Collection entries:
################
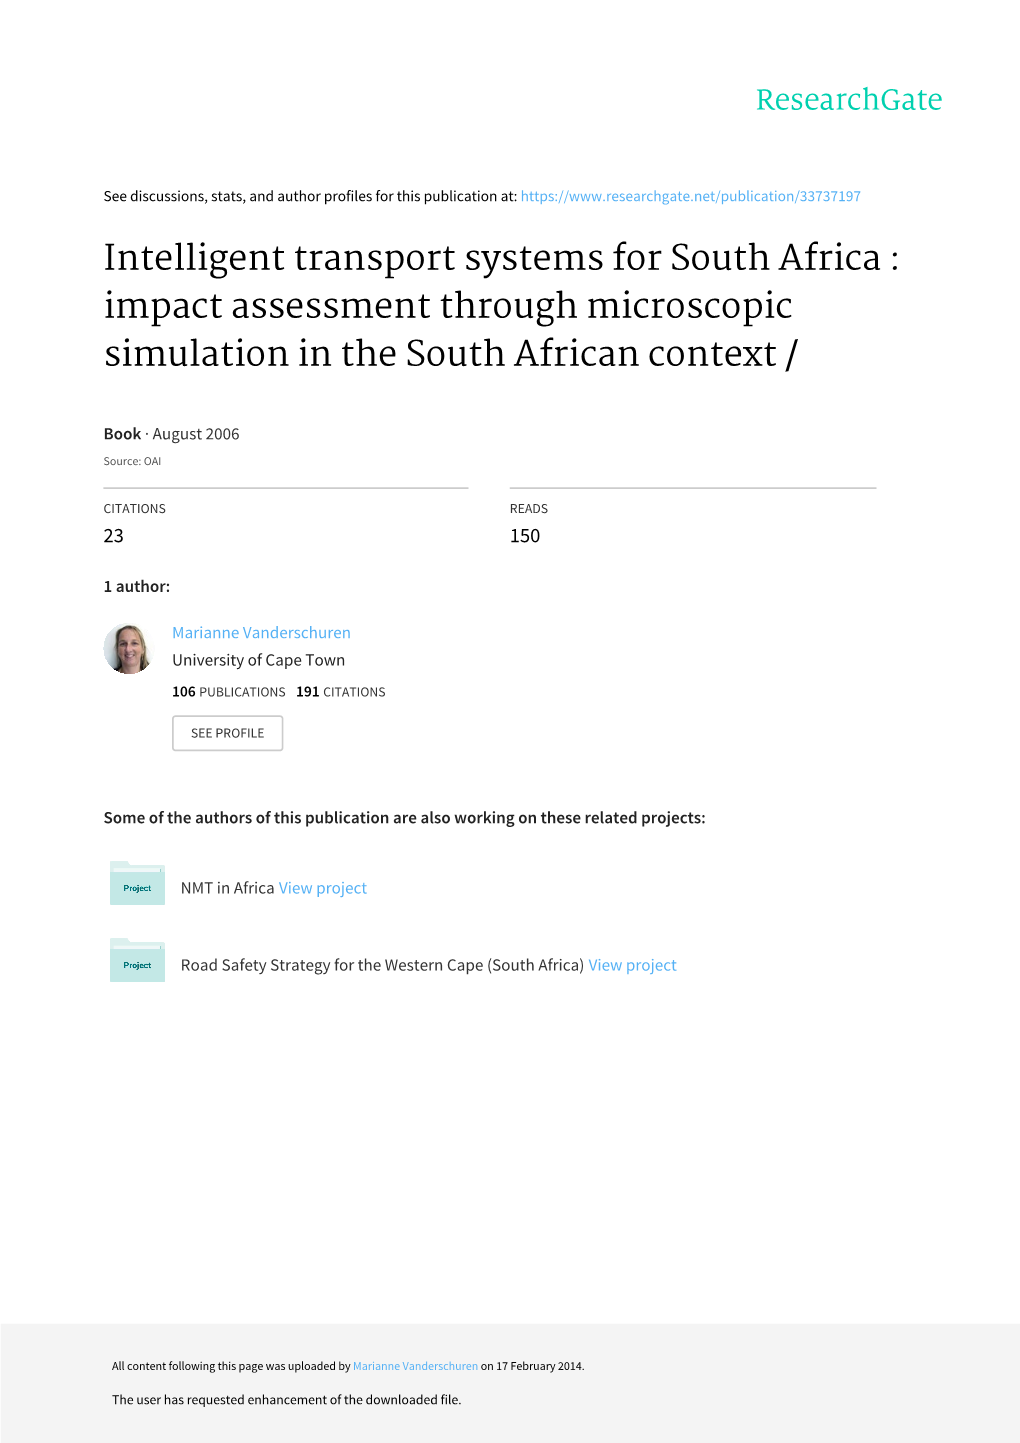 Intelligent Transport Systems for South Africa : Impact Assessment Through Microscopic Simulation in the South African Context
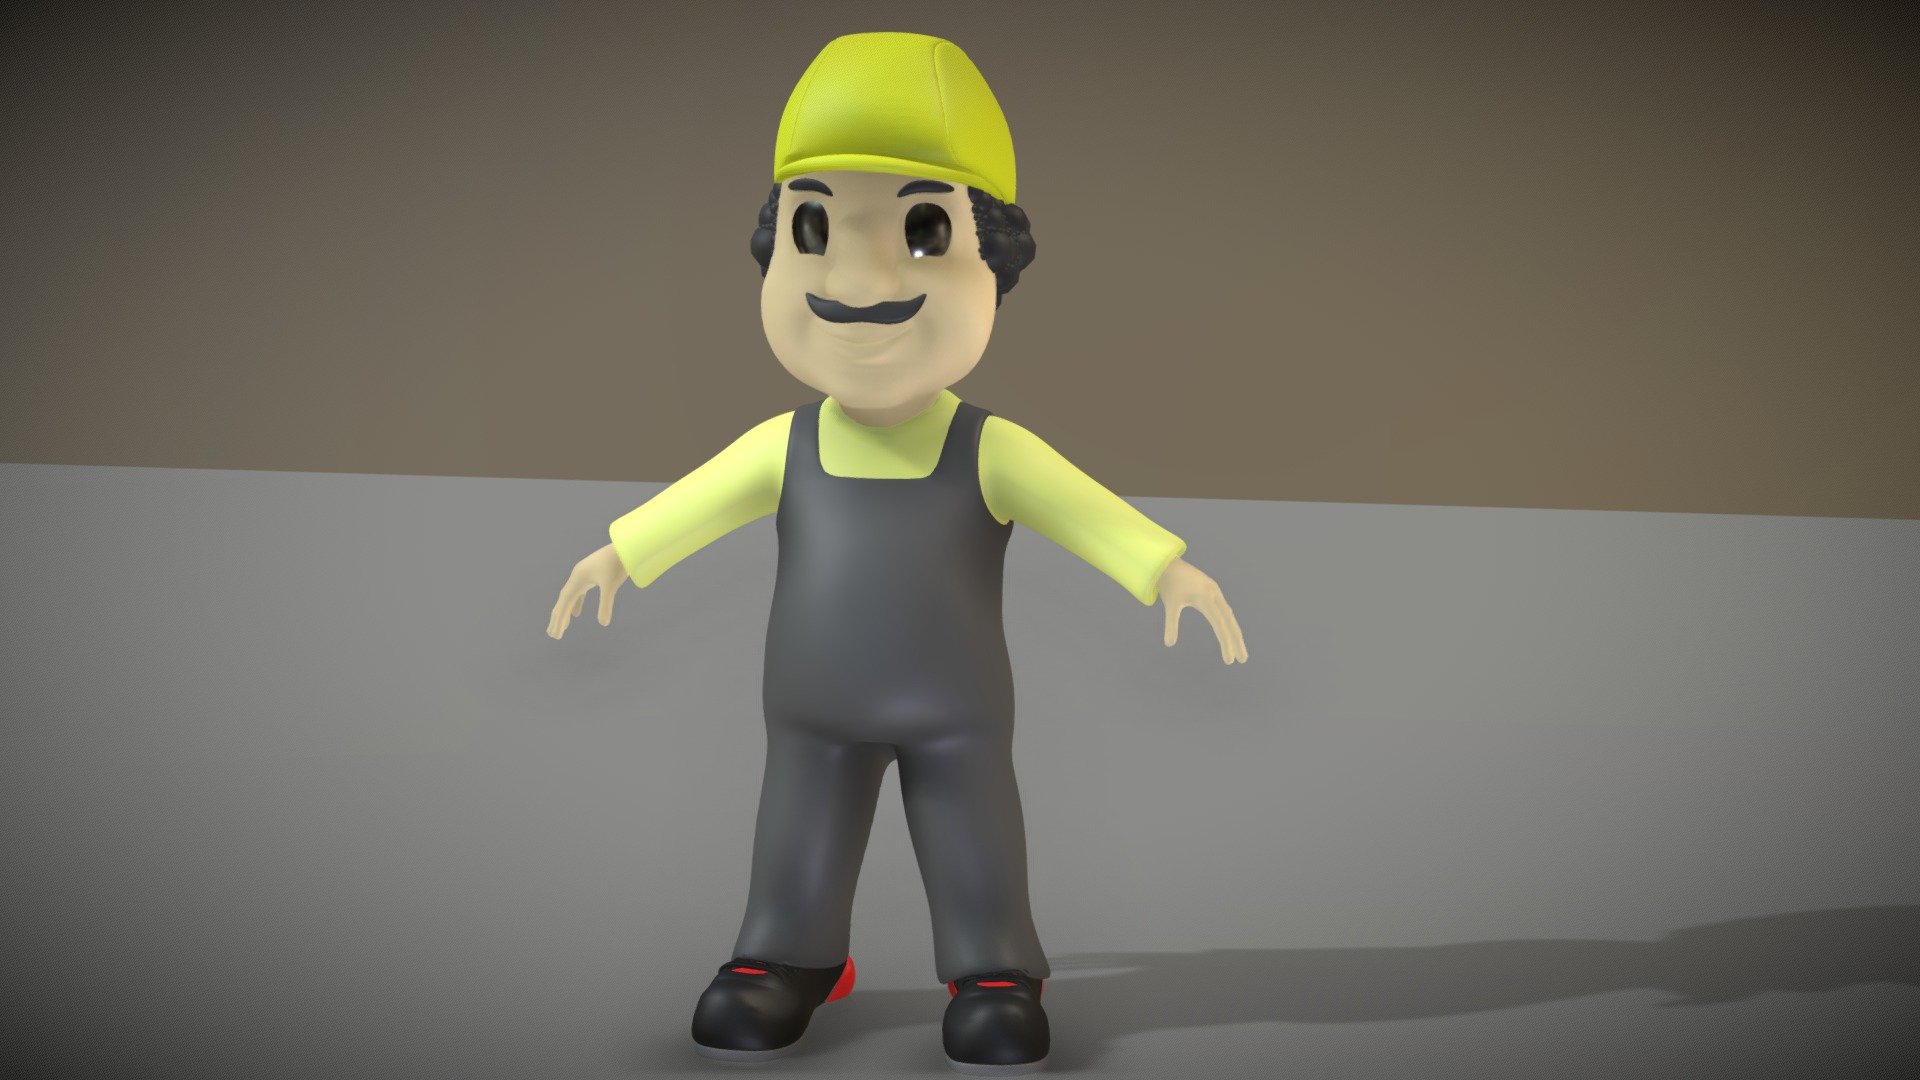 Cartoon Worker

Downlod Low Mesh for Fast Redndering 
Quality Output Render in Less time - 3D Cartoon Worker - 3D model by Kailash H Kanojia (@KailashHKanojia) 3d model
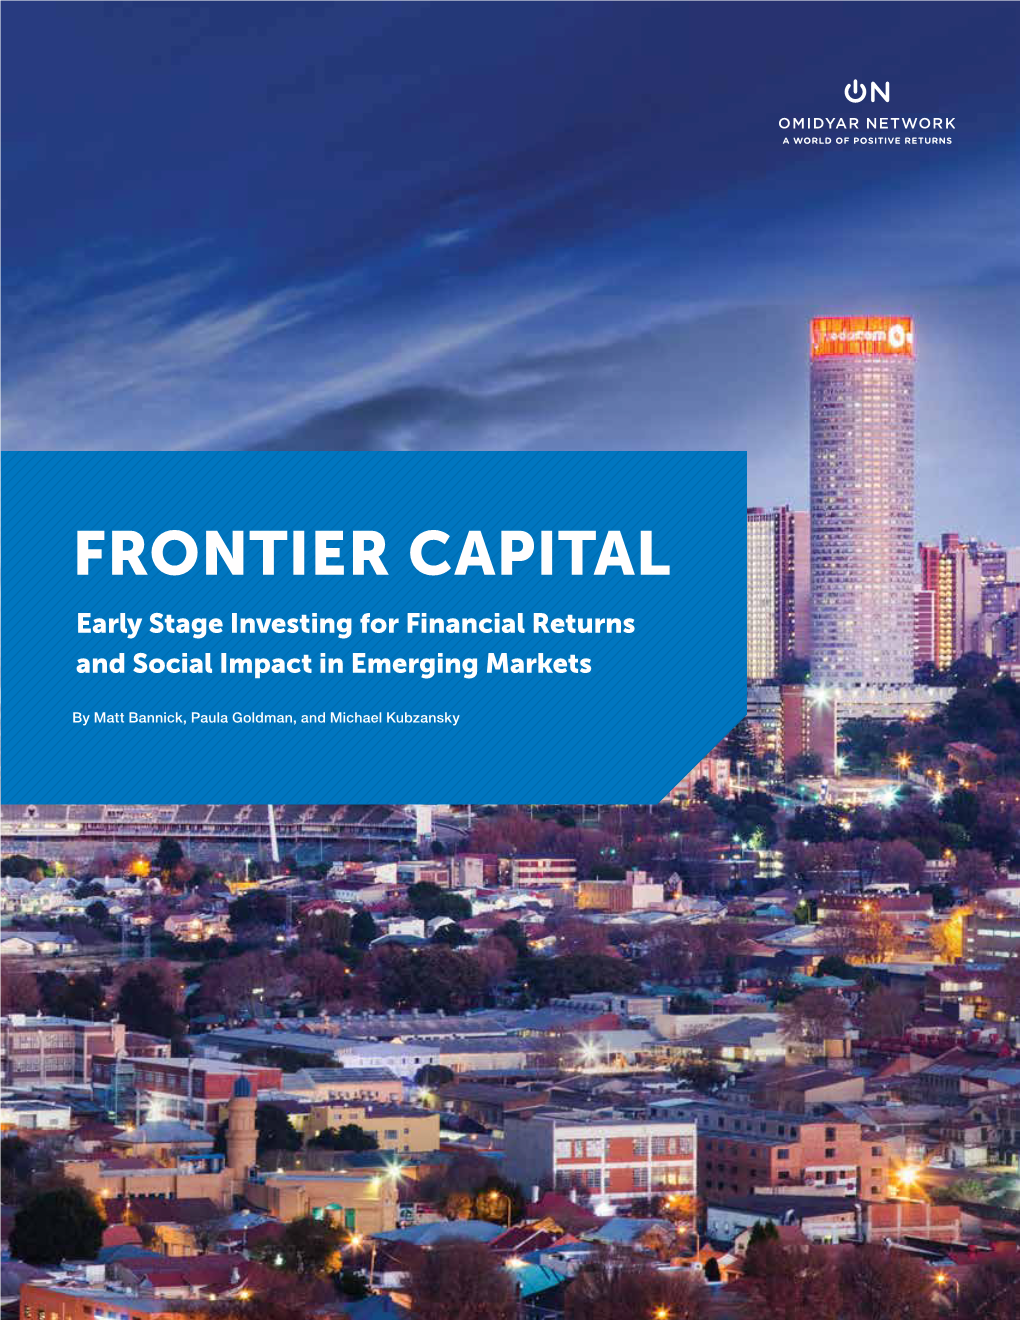 FRONTIER CAPITAL Early Stage Investing for Financial Returns and Social Impact in Emerging Markets
################
What to produce -
Reproduce the records in full and leave the images behind.

Result of this task -
 Intelligent Transport Systems for South Africa : Impact Assessment Through Microscopic Simulation in the South African Context
 Cartoon Worker

Downlod Low Mesh for Fast Redndering 
Quality Output Render in Less time - 3D Cartoon Worker - 3D model by Kailash H Kanojia (@KailashHKanojia) 3d model
 FRONTIER CAPITAL Early Stage Investing for Financial Returns and Social Impact in Emerging Markets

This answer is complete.